Her T-Synth swung crazily as she broke right. Something hammered savagely on her aft quarter. Damage control indicators glared red as she lost a drive node, port side. Baz curled behind her, his cannon lit up and the bandit disappeared in a smear of light. Moments later, Tanner’s cannon caught the fourth bandit in a crossing pattern. He veered away, trailing a comet’s tail of molten slag and ionized gas.

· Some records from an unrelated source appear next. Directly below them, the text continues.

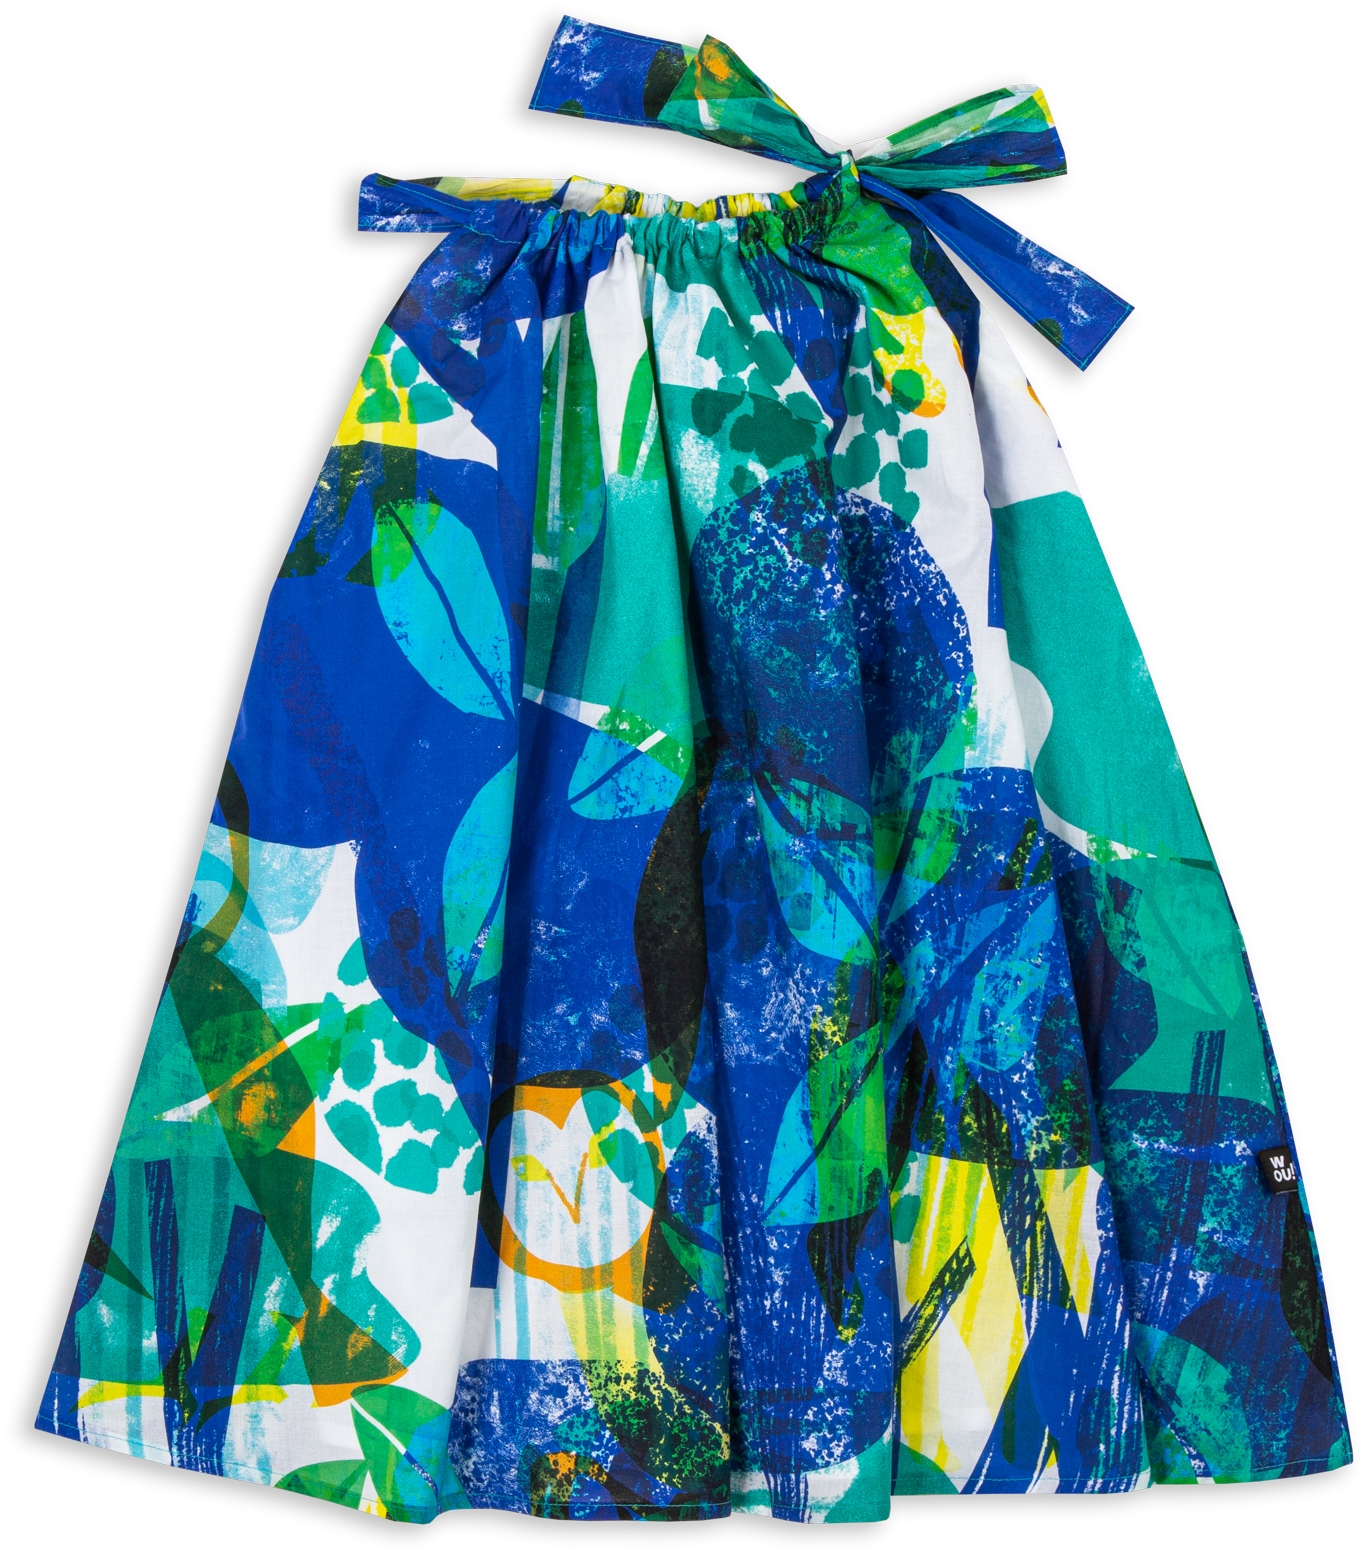 Dívčí šaty Wouki Komori - blue forest 140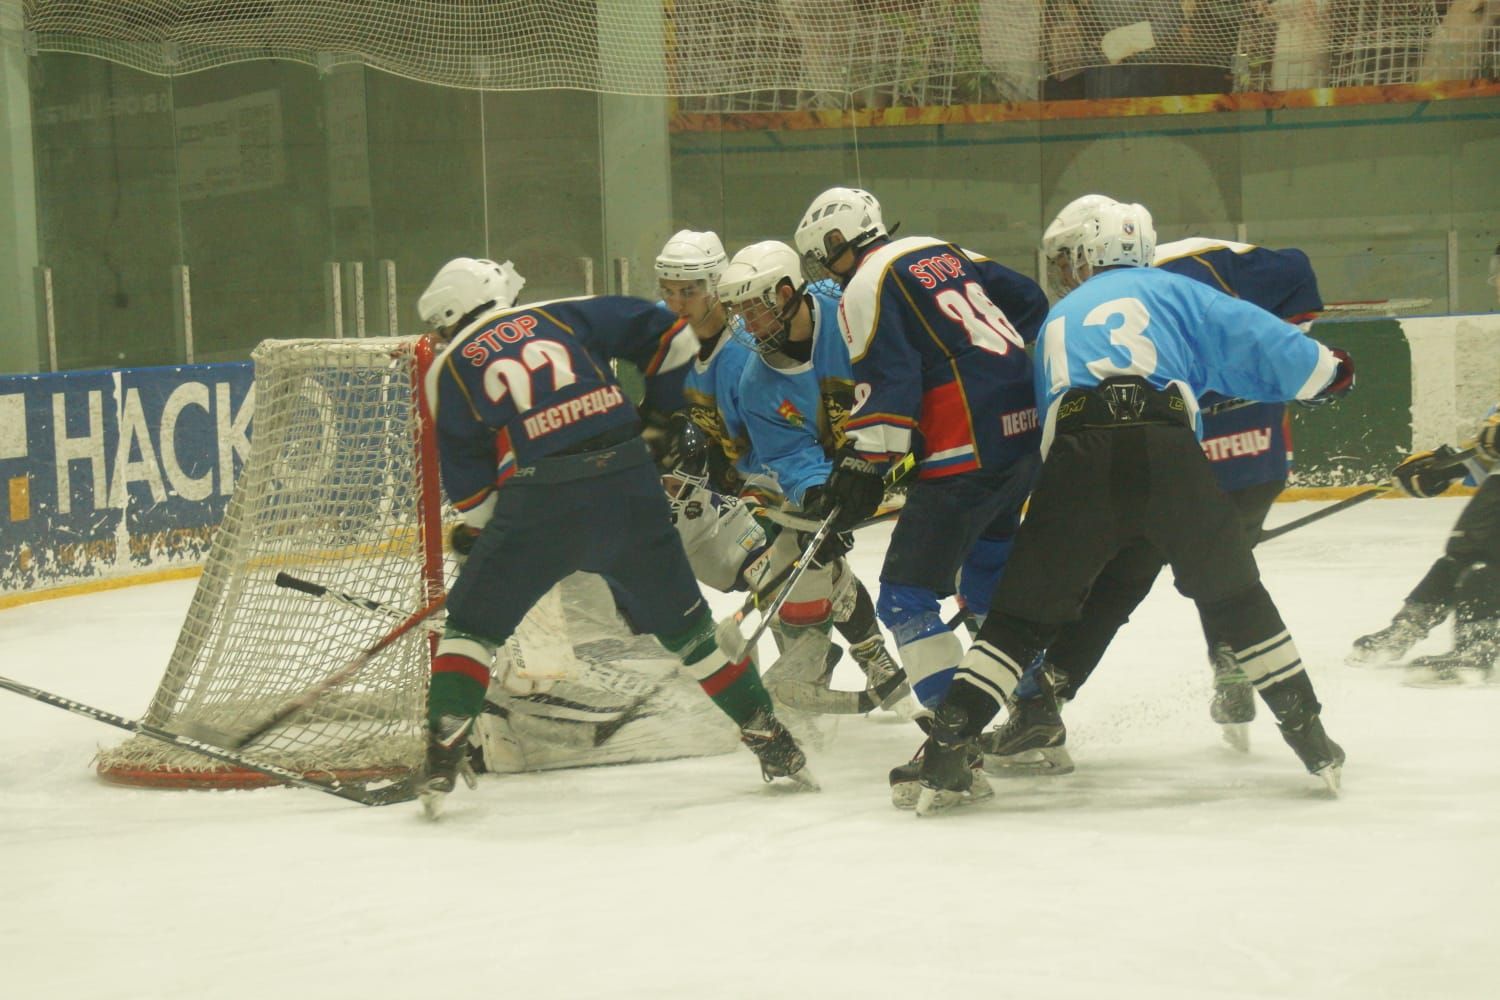 Пестречинские хоккеисты прошли в следующий круг соревнований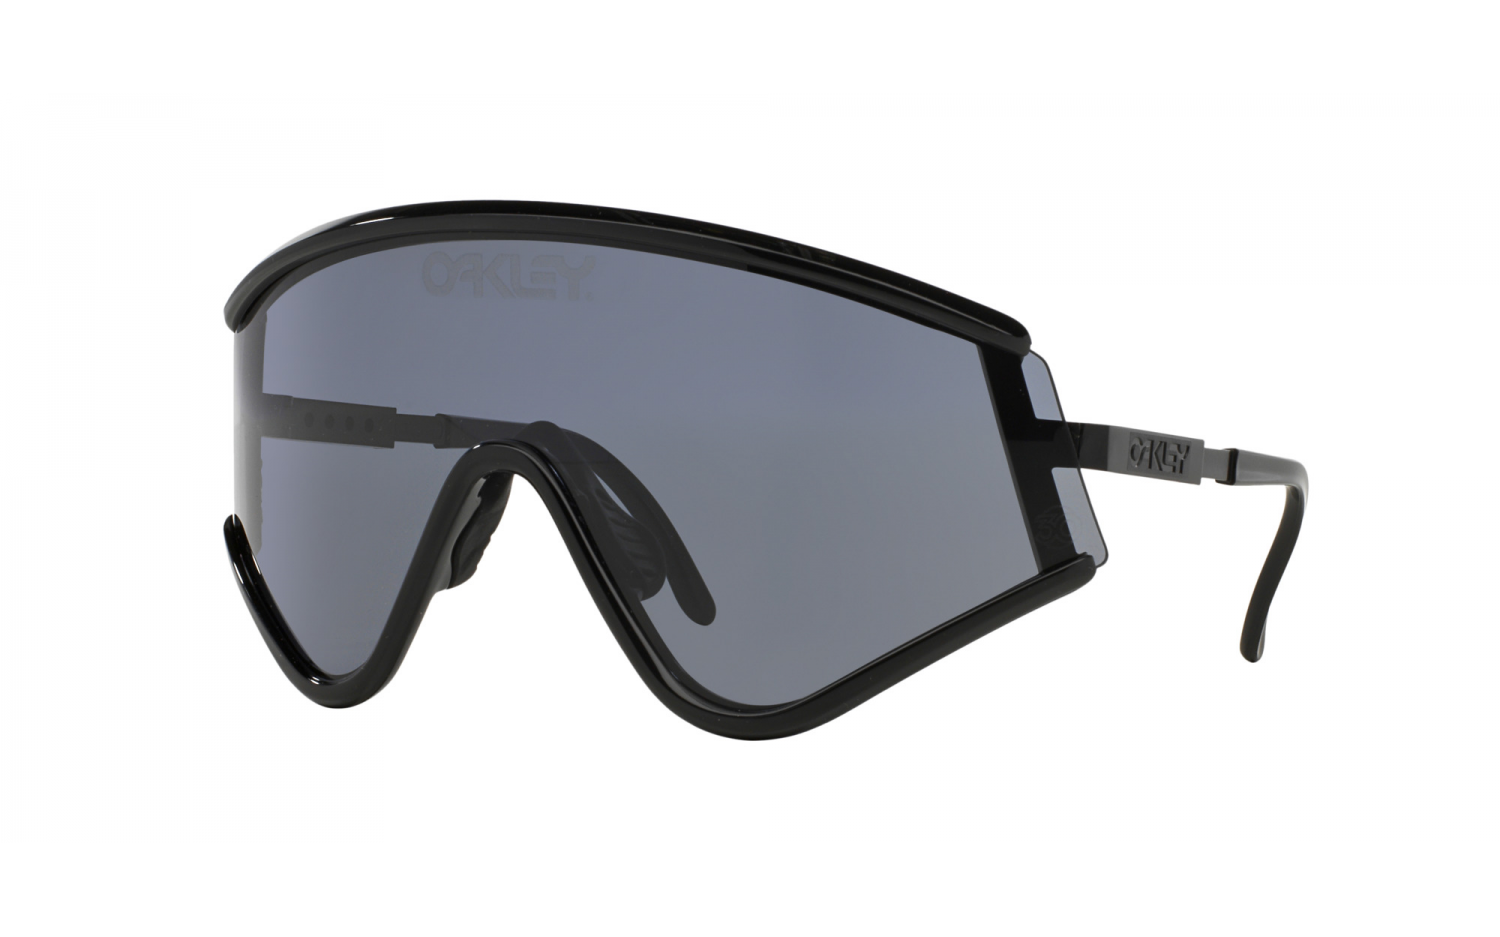 Vejrudsigt I forhold eksplodere Oakley Eyeshade OO9259-03 Sunglasses | Shade Station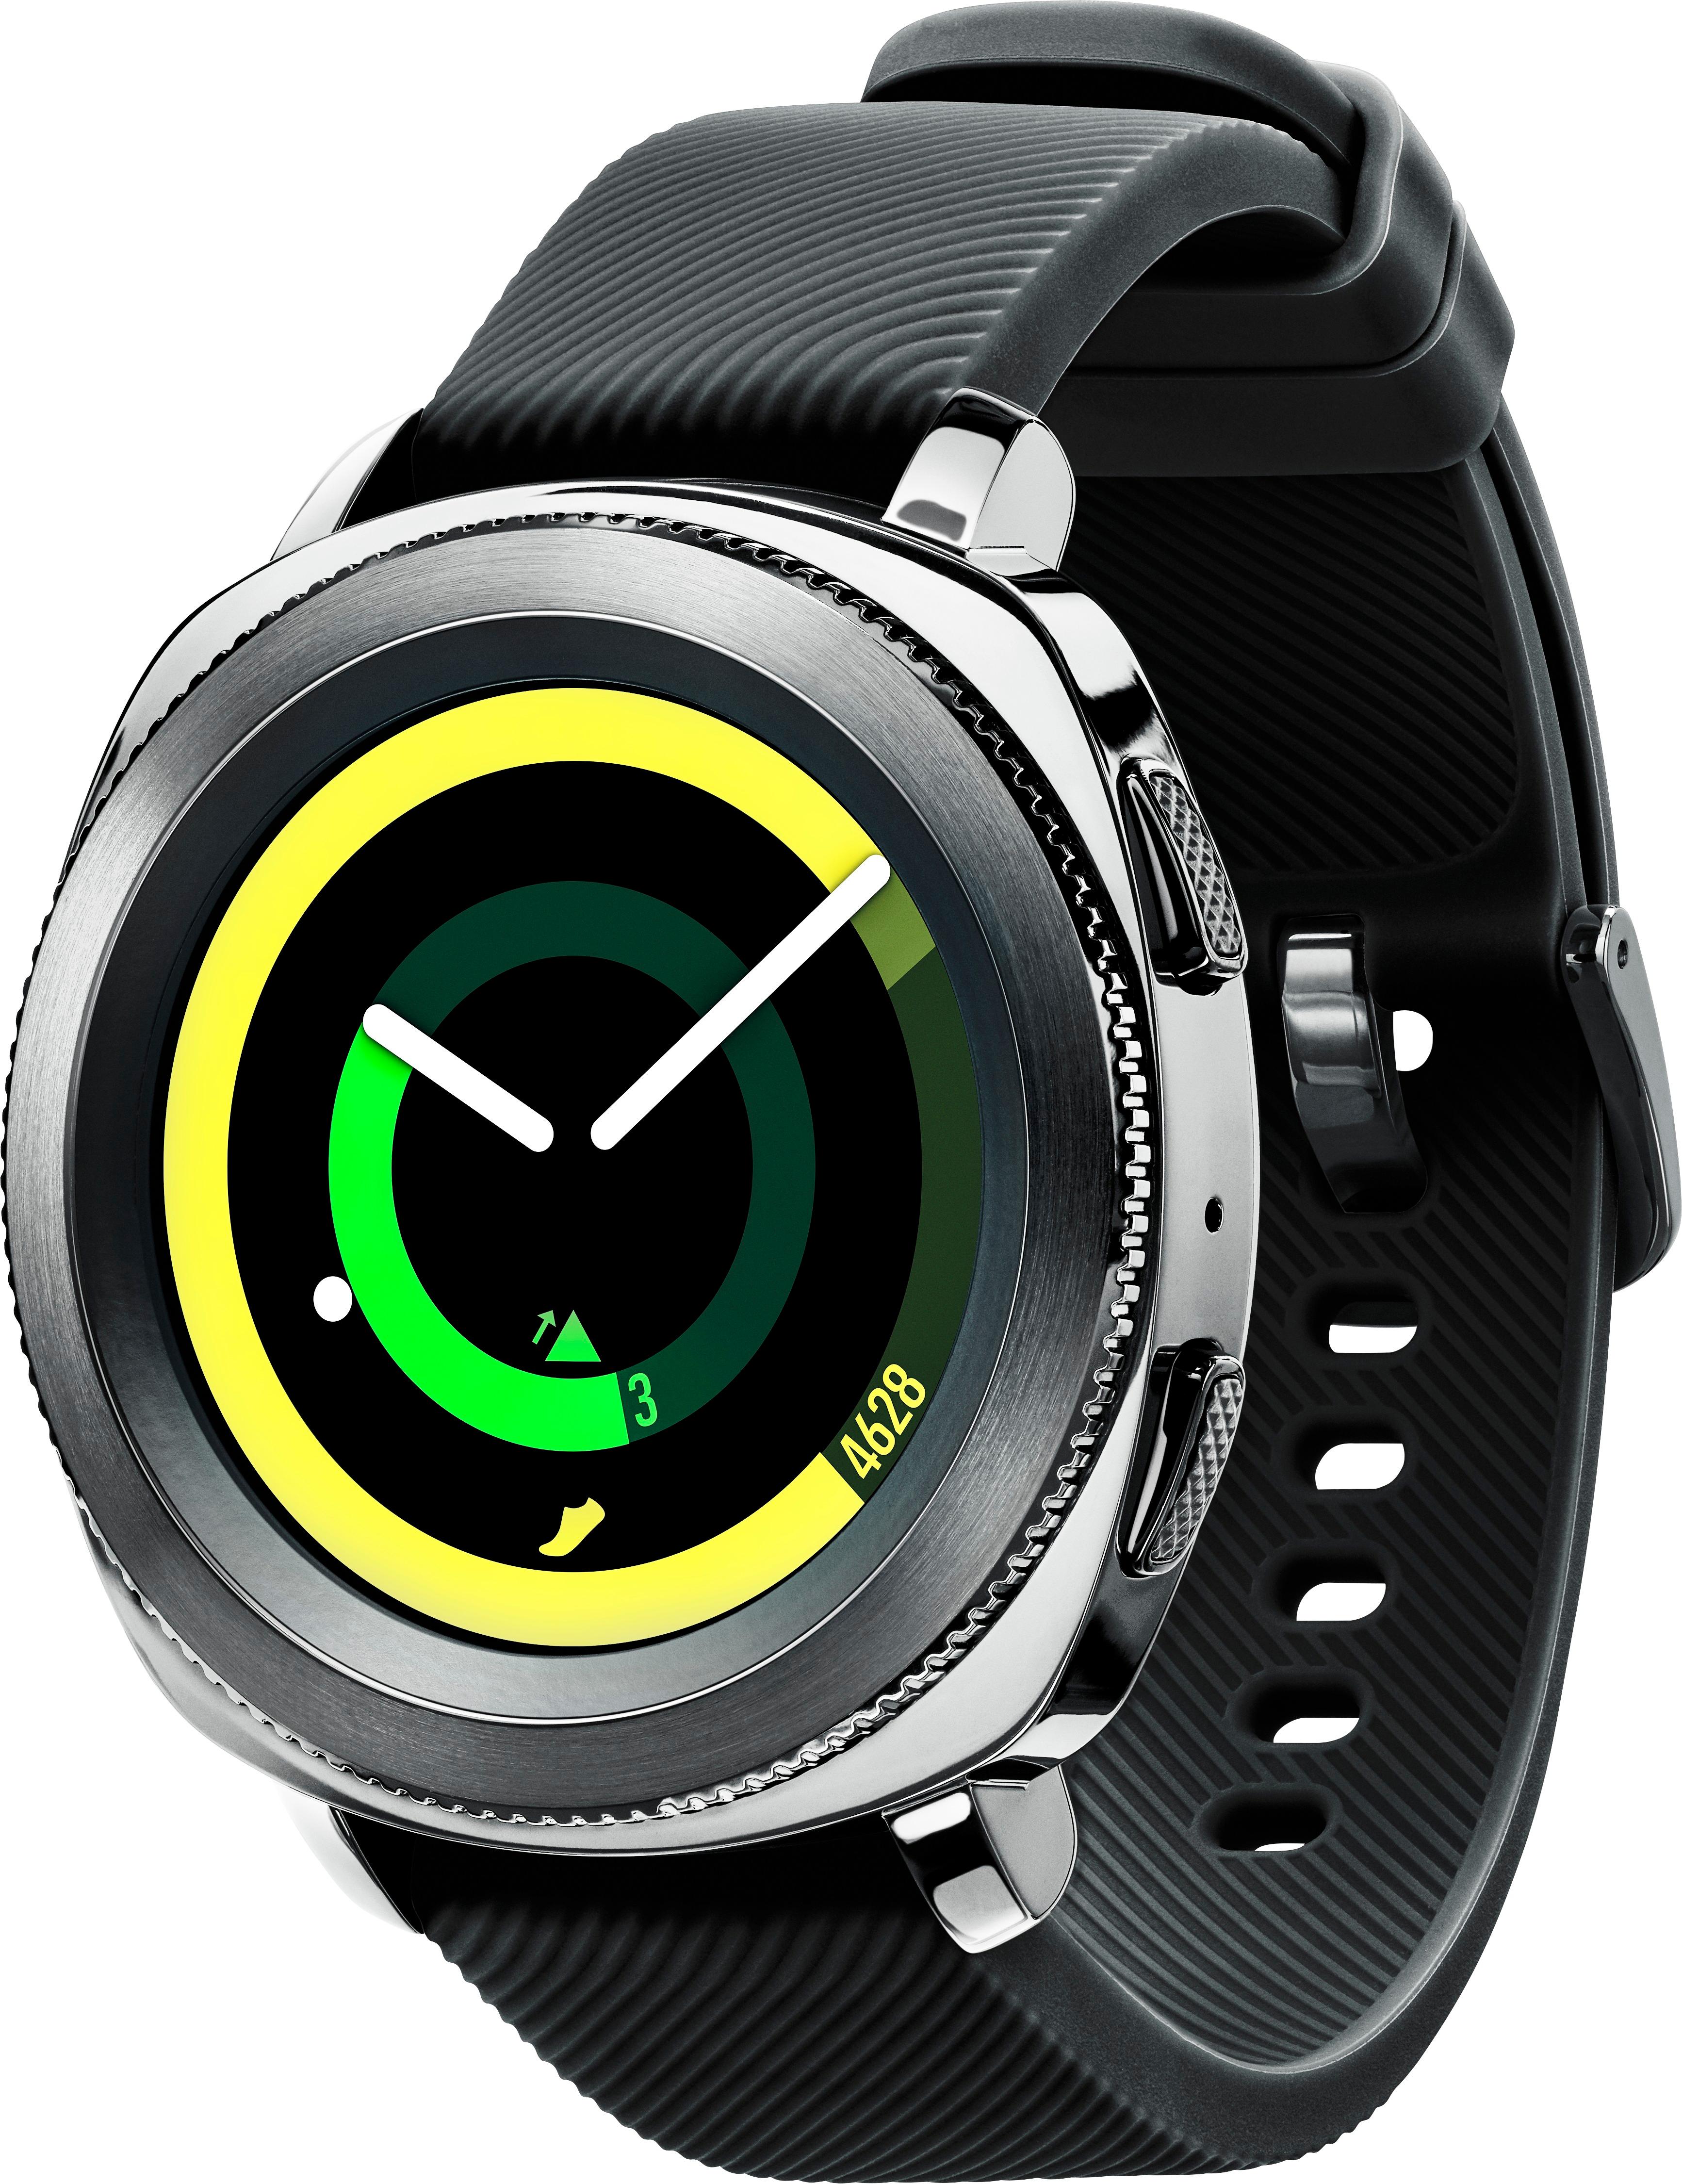 Best Samsung Gear Smartwatch 43mm Black SM-R600NZKAXAR

Her second target closed in behind Tanner. “Tanner, bring it up—help me engage.” He arced up in her T-Synth’s volume, his pursuer following. Her missile lock tone chimed beautifully in her ears.
“Got him locked! Two hot!” Two missiles streaked away. The bandit broke back, spewing a hail of counter fire. One missile died. The other bore in. “That’s four!”
The two remaining bandits, one still bleeding air, broke off.
“Ooeee!” whooped Baz, “They’re outta here! Goin’ ballistic!”
Below and behind them, more orange lines vomited from empty space.
“Incoming!” she barked, “Mail in your six! Flight pattern BOLO on my mark—now, now, Mark!” The blue triangles began a complex weave, knotting their drive wakes together. The trajectory of the torps started to bend as their seekers went active. They were too sluggish to match their quarries’ maneuvers, but the size of their warheads meant they didn’t have to. Her chain guns detonated one dead ahead, plasma shunts took some of the blast, armor took the rest. More damage control lights came on, blinking yellow. A warhead spiraled in on Tanner’s port side.
“Tanner, watch your left! Your left!”
“Ah shit, it’s picked me up—“ The torp exploded. “I got a problem here—”
“Bail Tanner! Eject! Eject!”
“Oh hell—” then a flood of static and a crack as her fist hit the console.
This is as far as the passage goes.